To answer your question about optimizing the runtime, with a gigantic expression, sympy eventually leads to longer runtimes. You can try using pytensor or symengine. I'd go for pytensor as it uses JIT compilation.

Answer 2

To make it fast, I would guess a good option is to ditch sympy and simply use a dictionary and strings to create the QUBO, probably something like dic[(x_1,x_2,x_3)] = alpha_(x_1,x_2,x_3) which takes the (sorted) tuple of variables to corresponding coeffecient in the QUBO and then worry about making all tuples of length 2.

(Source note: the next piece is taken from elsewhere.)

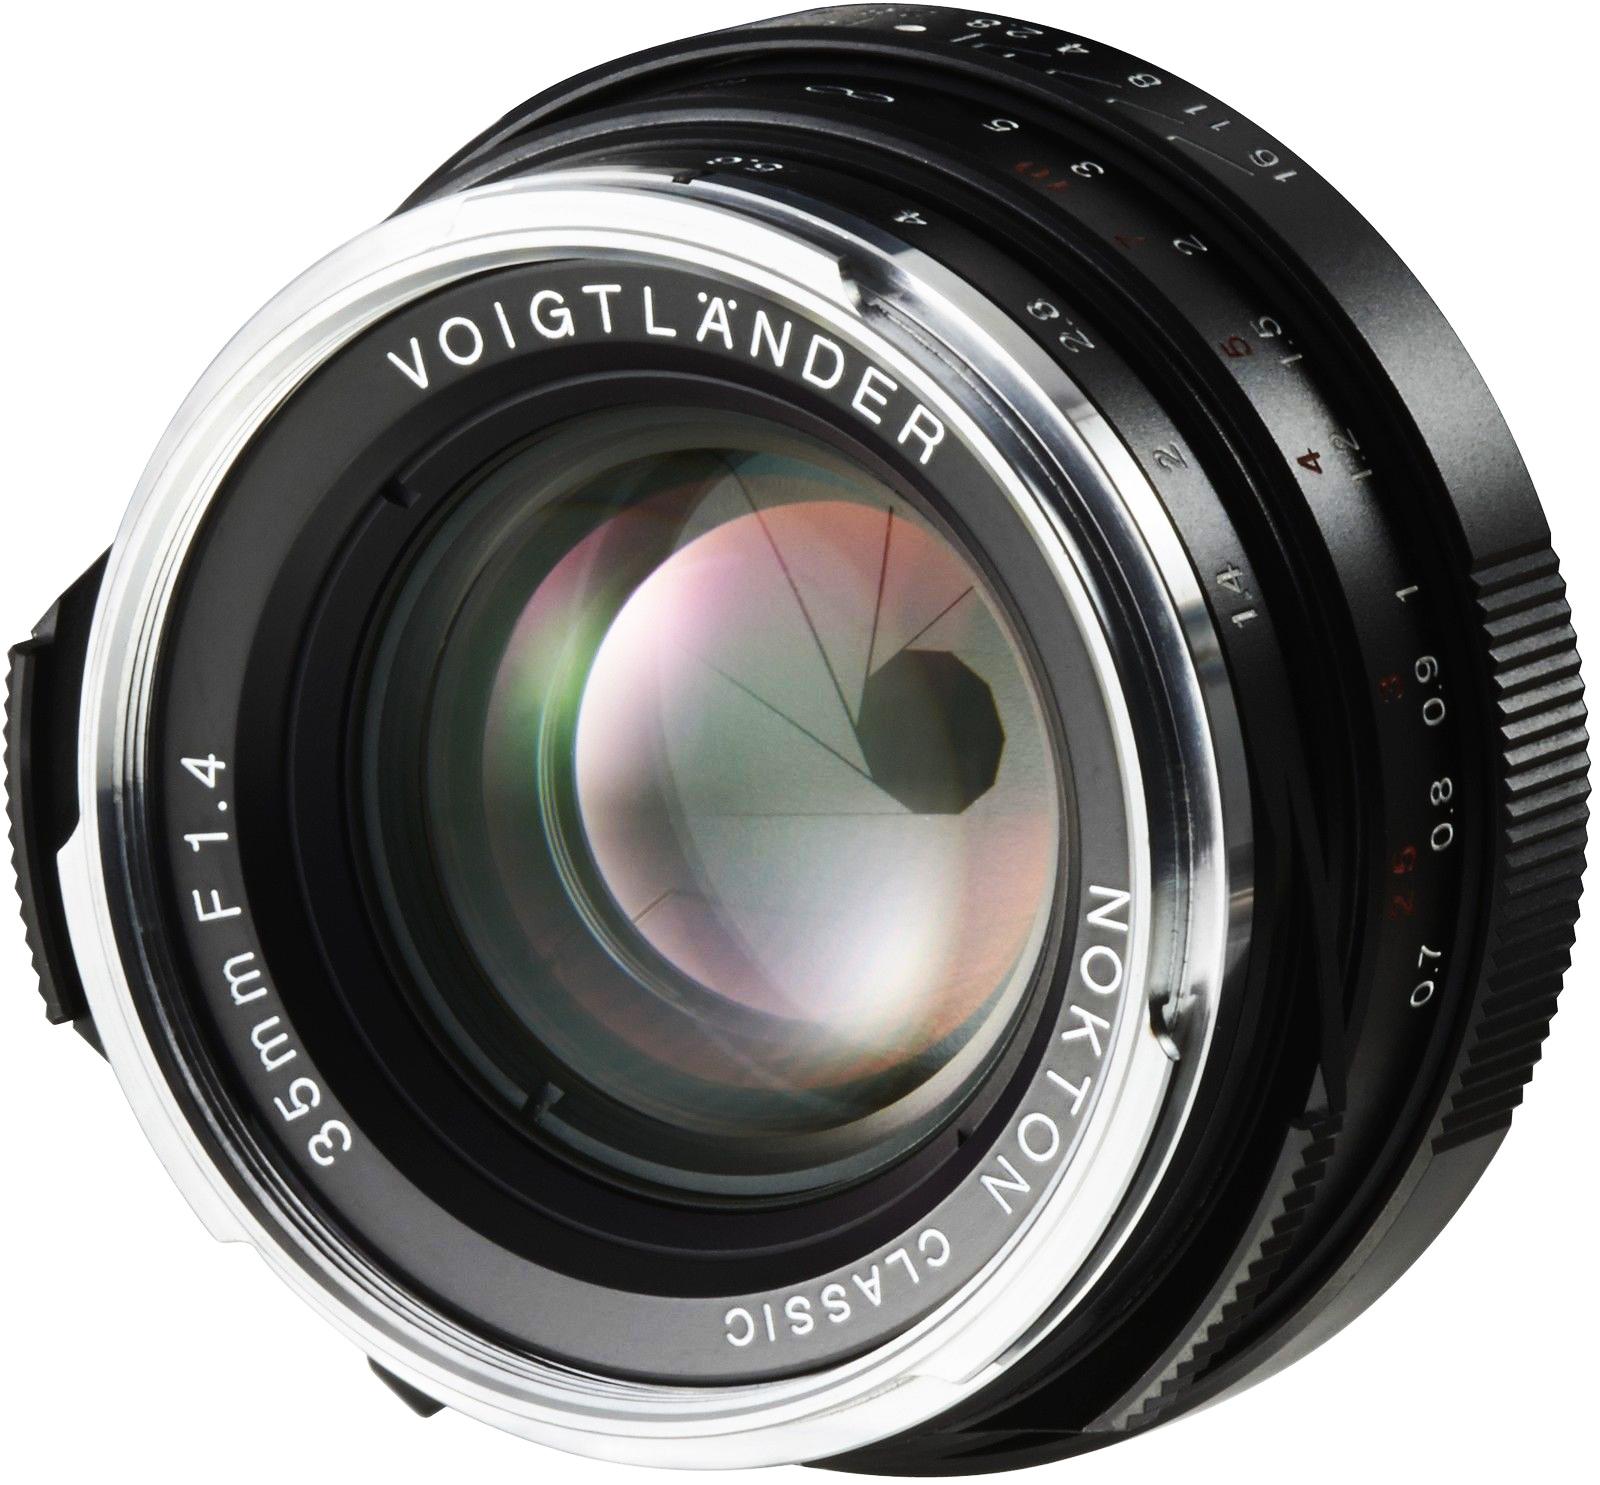 Voigtlander(フォクトレンダー)の単焦点レンズなど計9点を

From a pragmatic point of view, I would define all the 'product variables' from $p\times q$ first and sub them into $(N-pq)^2$. This way, $N-p\times q$ is linear and and no further reductions will be needed. How these variables are chosen may change the final QUBO though which might not be what you are after.